### Data provided:
-- Opening Marker --
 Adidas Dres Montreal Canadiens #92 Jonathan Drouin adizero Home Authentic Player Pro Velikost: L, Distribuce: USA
-- Closing Marker --
-- Opening Marker --
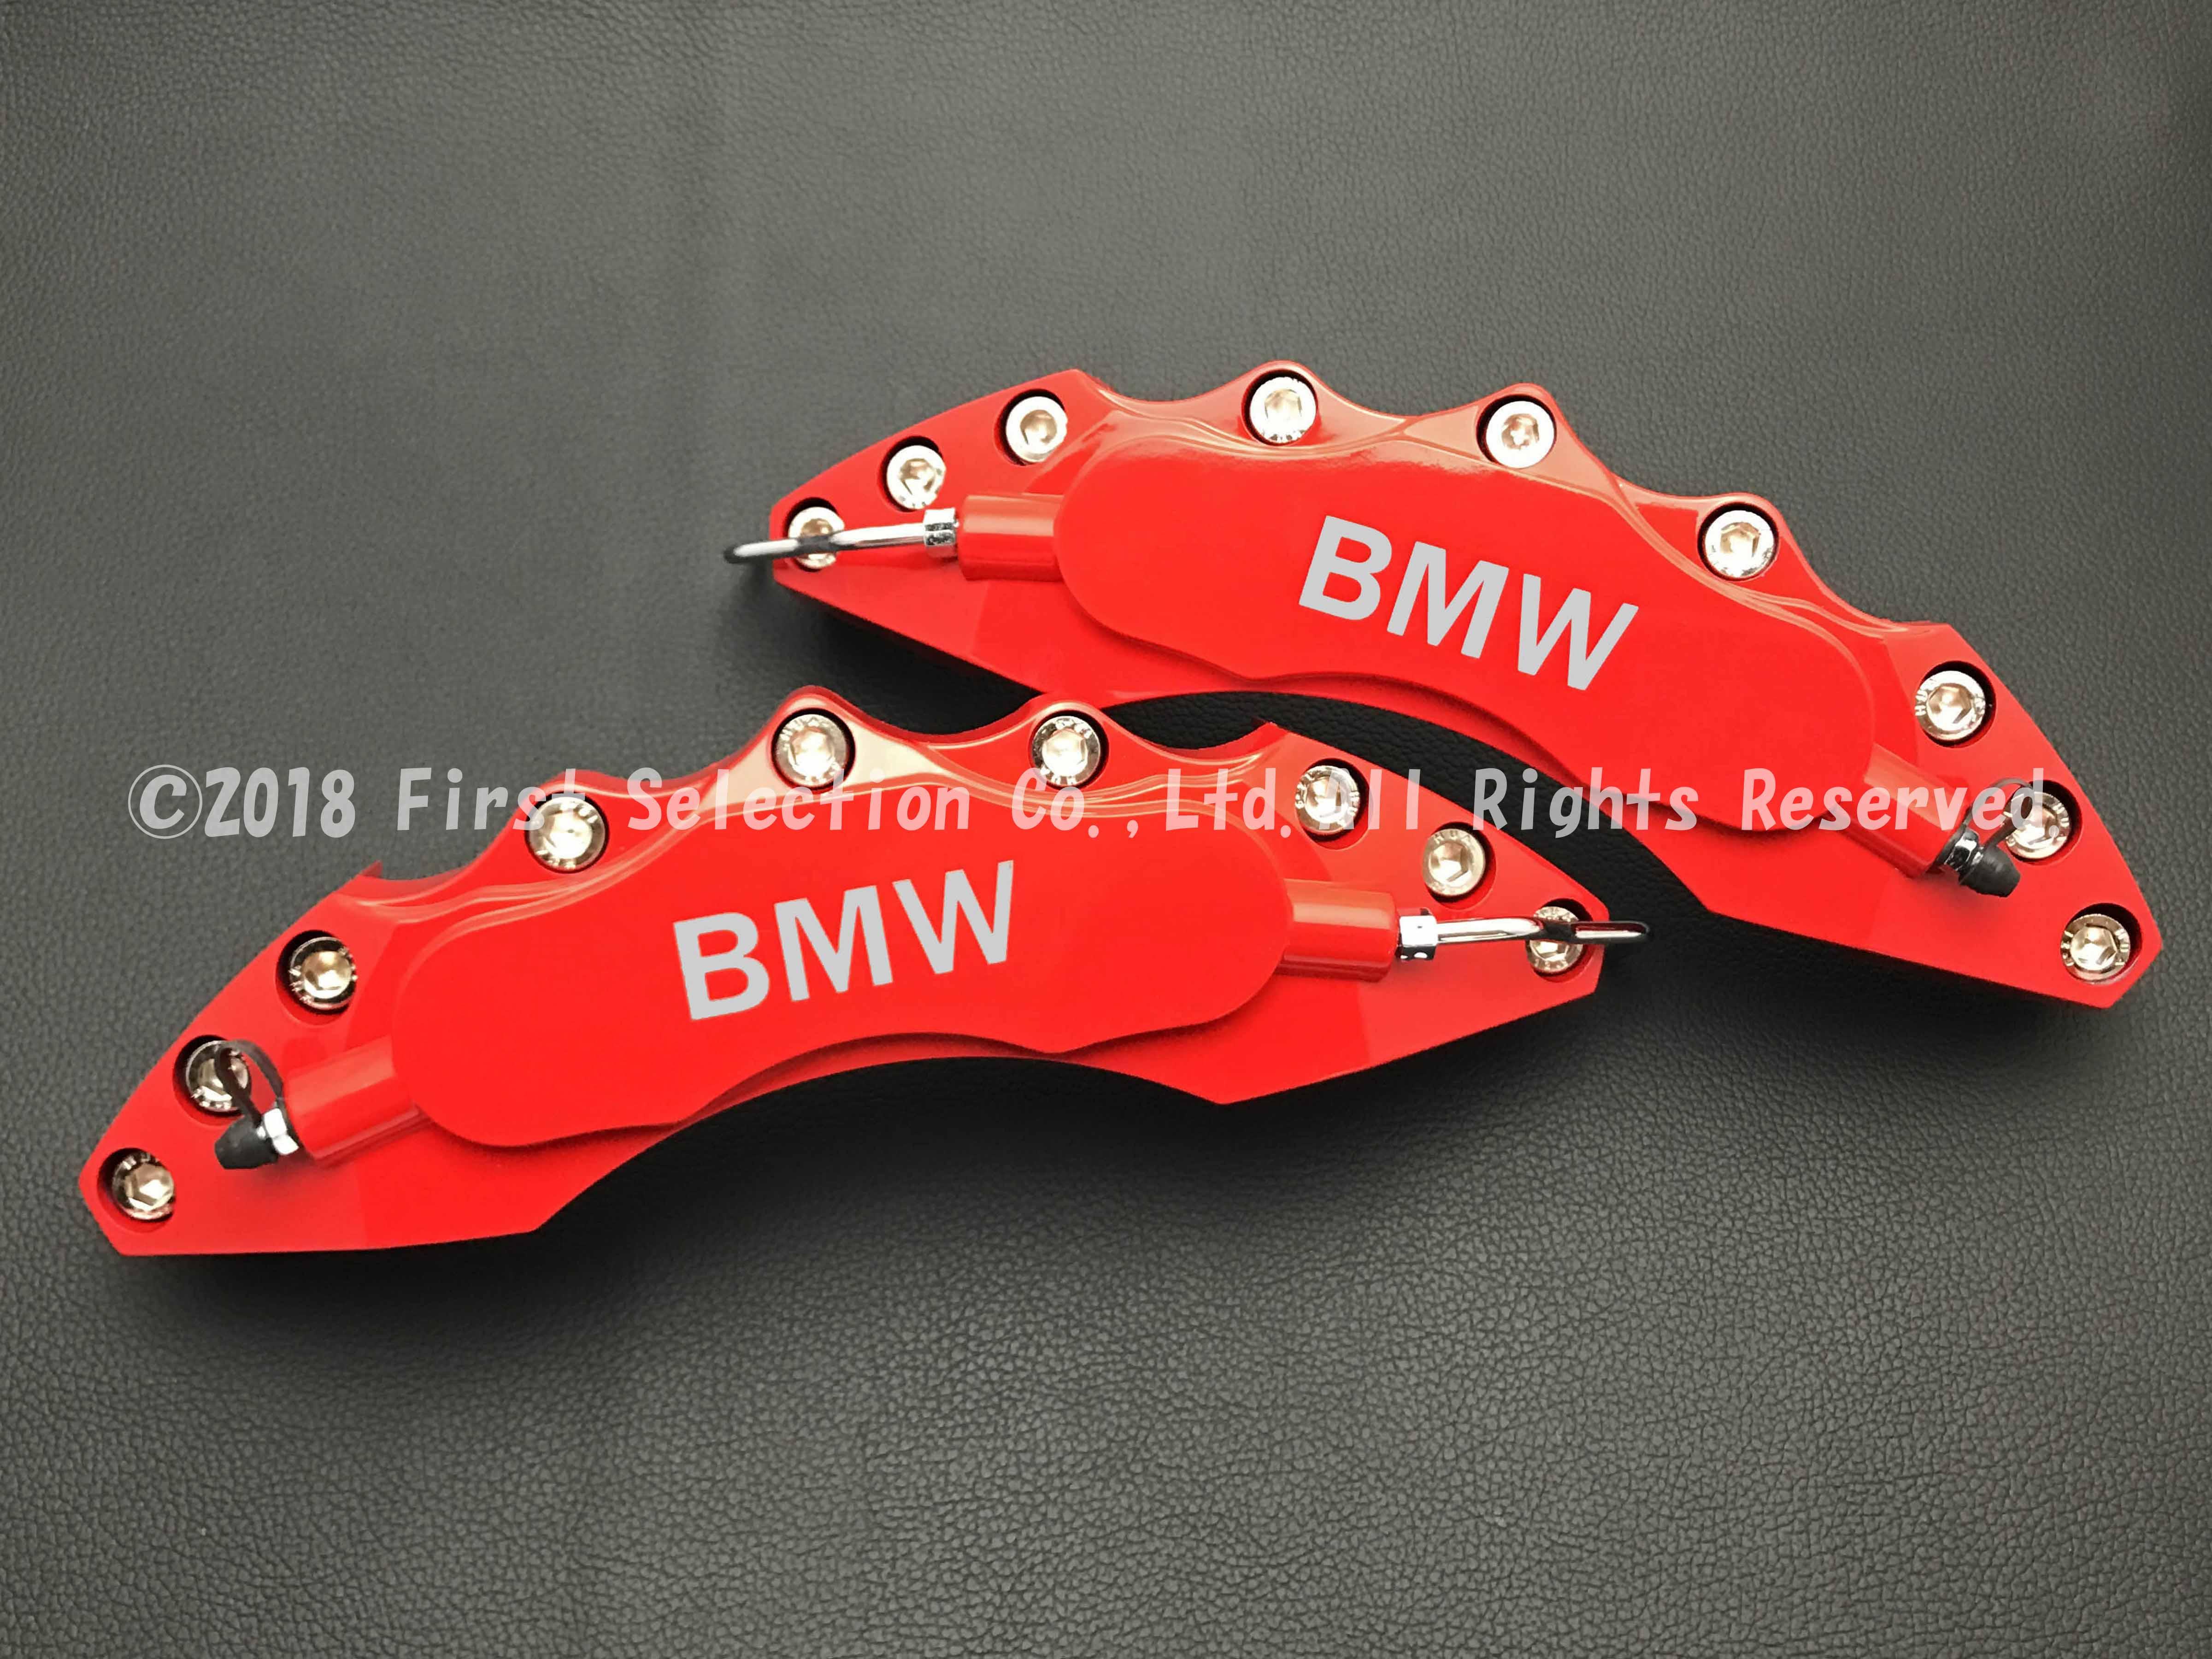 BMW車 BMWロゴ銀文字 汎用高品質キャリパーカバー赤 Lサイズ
-- Closing Marker --
-- Opening Marker --
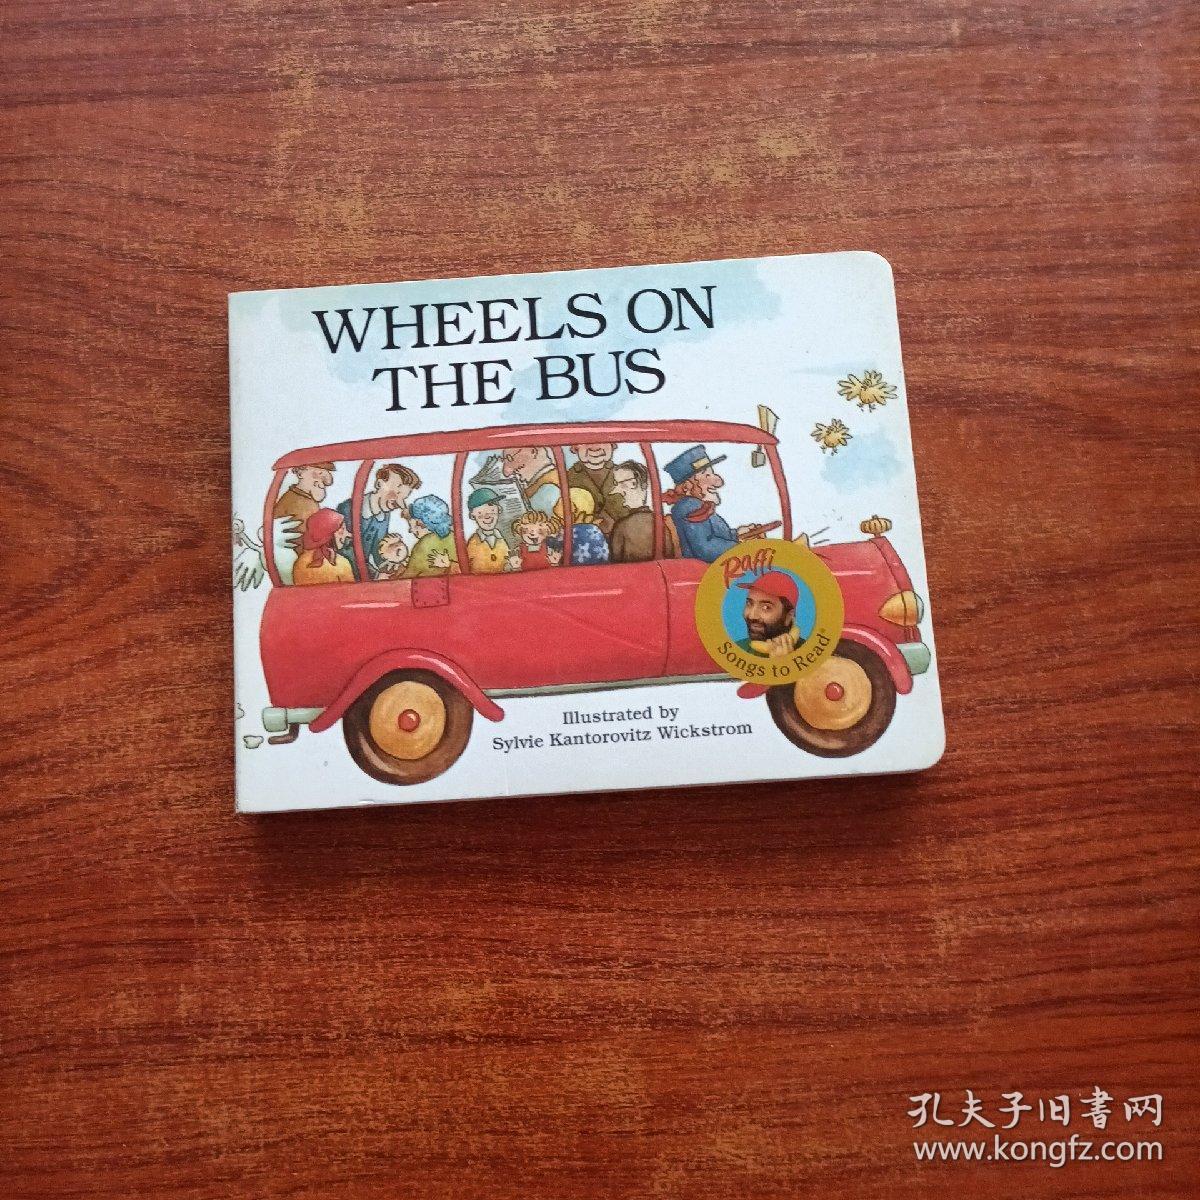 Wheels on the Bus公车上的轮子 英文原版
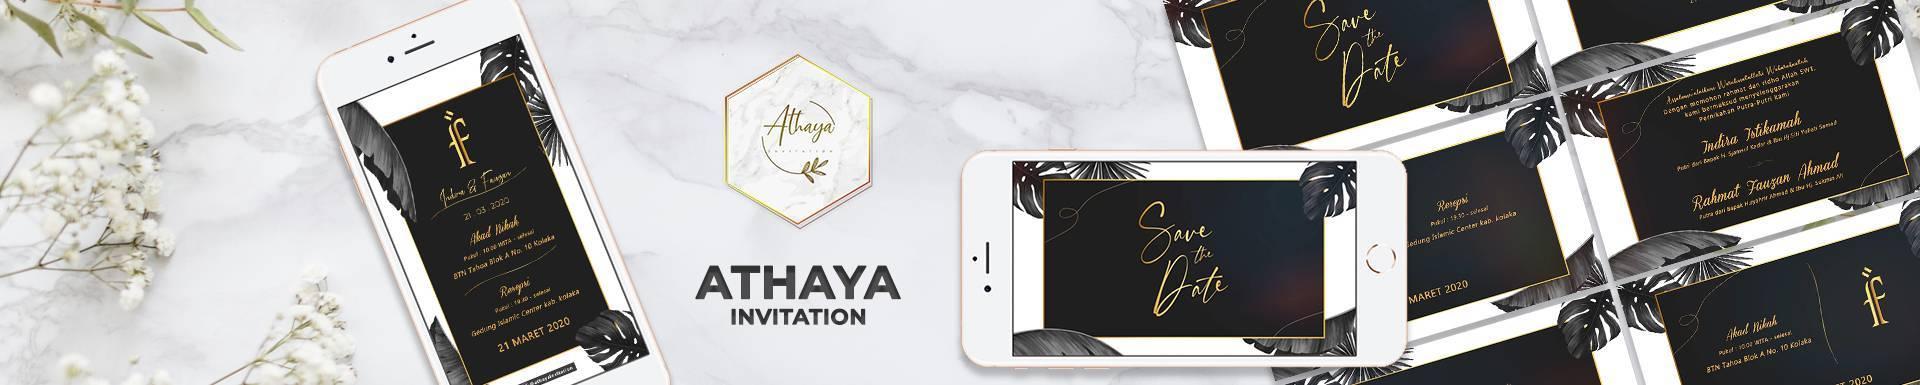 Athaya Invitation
-- Closing Marker --
### Work request:
In the material above, which lines fall between the one holding "Wheels on the Bus公车上的轮子 英文原版" and the one holding "Athaya Invitation", inclusive? Print exactly those, with the pictures left out.

### Your response:
 Wheels on the Bus公车上的轮子 英文原版
 Athaya Invitation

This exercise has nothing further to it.